Deletor pisze:Miblah profil uzupełnij.
Nie widzę szczególnie, co miałbym uzupełniać... Zawód? Miasto? Bo chyba nie ajsikju? Jakie ma to znaczenie...
Deletor pisze:Jakoś nie mogę sobie wyobrazić dorosłej, dojrzałej kobiety z czymś takim... Ok fakt dla chcącego pomocne w rzuceniu palenia. Ale kurde strzelam że kobieta po 40 z zabawką dla gimbazy z wielką chmurą? To już spinnerII był by lepszy.
Ta dorosła, dojrzała kobieta ma 68 lat i wapuje od dwóch. A od 1.5 roku ma egoOne 2.5ml z baterią 2100 i .5ohmową grzałką (jak byś nie czytał po łebkach, nie musiałbyś zgadywać - wyżej to pisałem).
Jakość wykonania ONE i ijusta ta sama - z tego co wiem ta sama firma matka.
Sam mam kilka takich zestawów, bo ktoś musi testować, czy nowsze rozwiązania spełnią oczekiwania wyżej wymienionej; i stwierdzam, że niektóre są wygodne w użytkowaniu, a do tego poręczne.
Wszystko ma swoje wady i zalety, ale jechać po jakimś sprzęcie, bo dzieciaki go kupują? A sama awaryjność ma często związek z traktowaniem sprzętu. Te moje jakoś chodzą - widać jestem szczęściarzem. Ale jak padną po roku użytkowania baterie, które razem z elektroniką kosztowały 70 zł to nie będę płakał.
I oczywiście, lepiej wydawać na aku 30 zł jak padnie (18650 vtc4, czy vtc5), a elektronikę mieć w fajnym boxie, ale nie każdy takie wielkie pudło chce nosić - matka nie chce
Musi być zgrabne.
Poza tym...
pawel_aa pisze:[...] Często pada stwierdzenie, że to "najlepszy sprzęt w tej cenie". Zgadza się, bo innego w tej cenie raczej nie ma [...] Poza tym to jak sen o "złotej dolinie". Kompletny sprzęt "wysokiej klasy" za cenę niższą niż kosztuje porządny parownik... Zupełnie jak w programie "Uwierz w ducha".
to są sprzęty budżetowe. Osobna kategoria. Przez to, że są budżetowe, są najlepsze w tej cenie - lepsze niż stare ego+vivi.
A długość tego tematu, nie świadczy jakoś szczególnie o nadzwyczajnej awaryjności tego sprzętu - raczej o jego popularności.

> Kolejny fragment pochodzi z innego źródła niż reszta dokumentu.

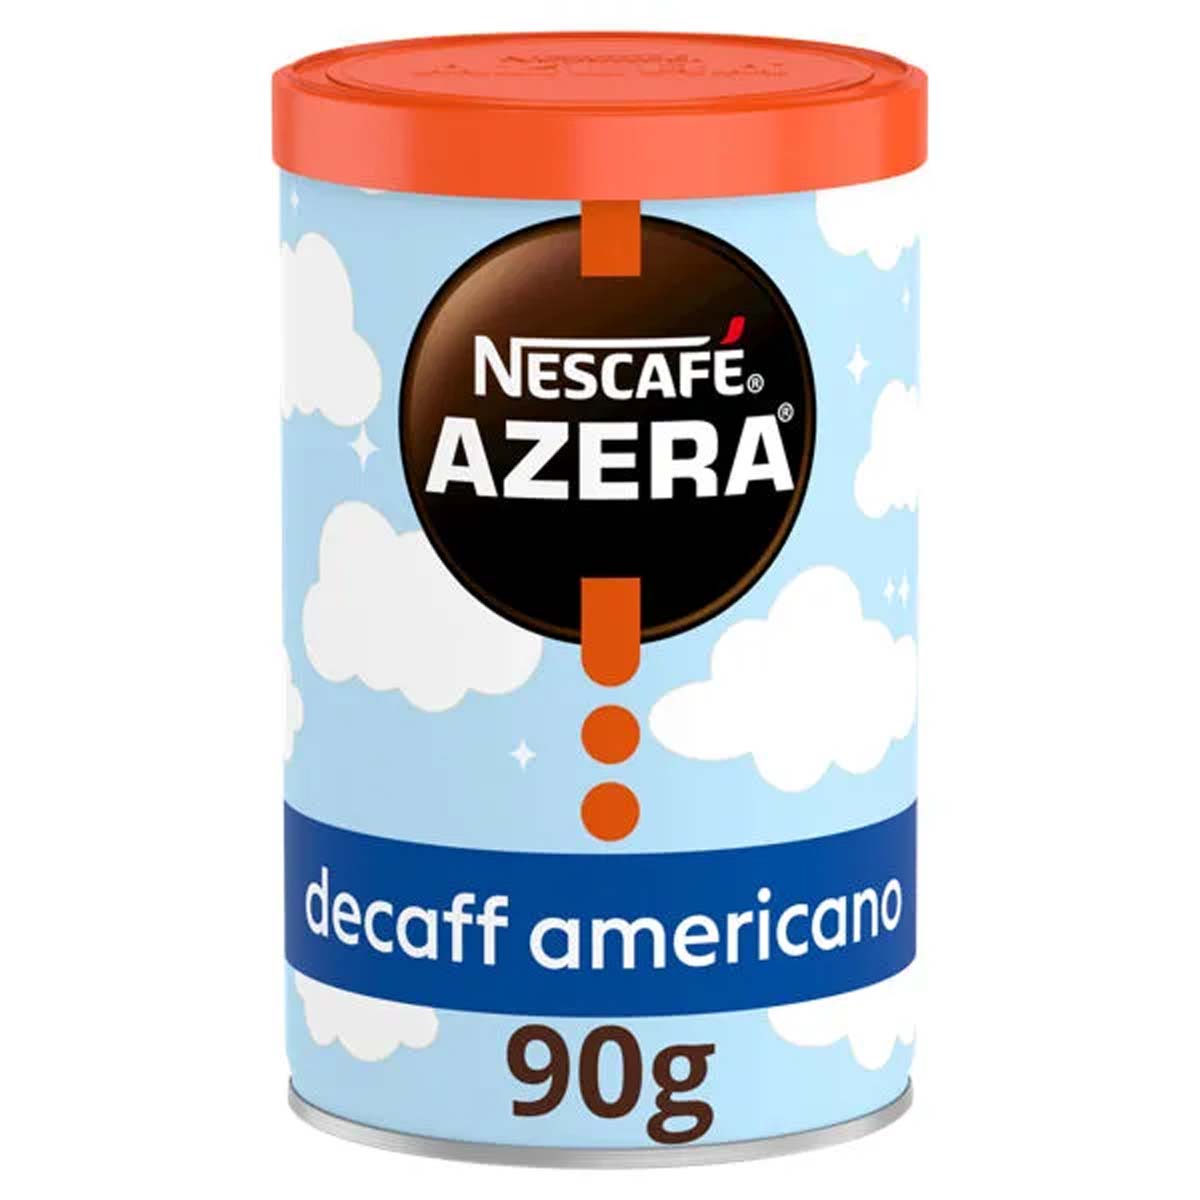 Nescafe - Azera Decaff Americano Instant Coffee - 90g - Continental Food Store

Ze względu na jego budżetowość.
I na koniec - w boxach, też padają przyciski, elektronika, ludzie mają problemy z grzałkami, zalewaniem, elektroniką... Ale ilość modów jest dzisiaj przeogromna, a przez to ich popularność rozproszona, to i problemy mniej widoczne - nie popadajmy w przesadę.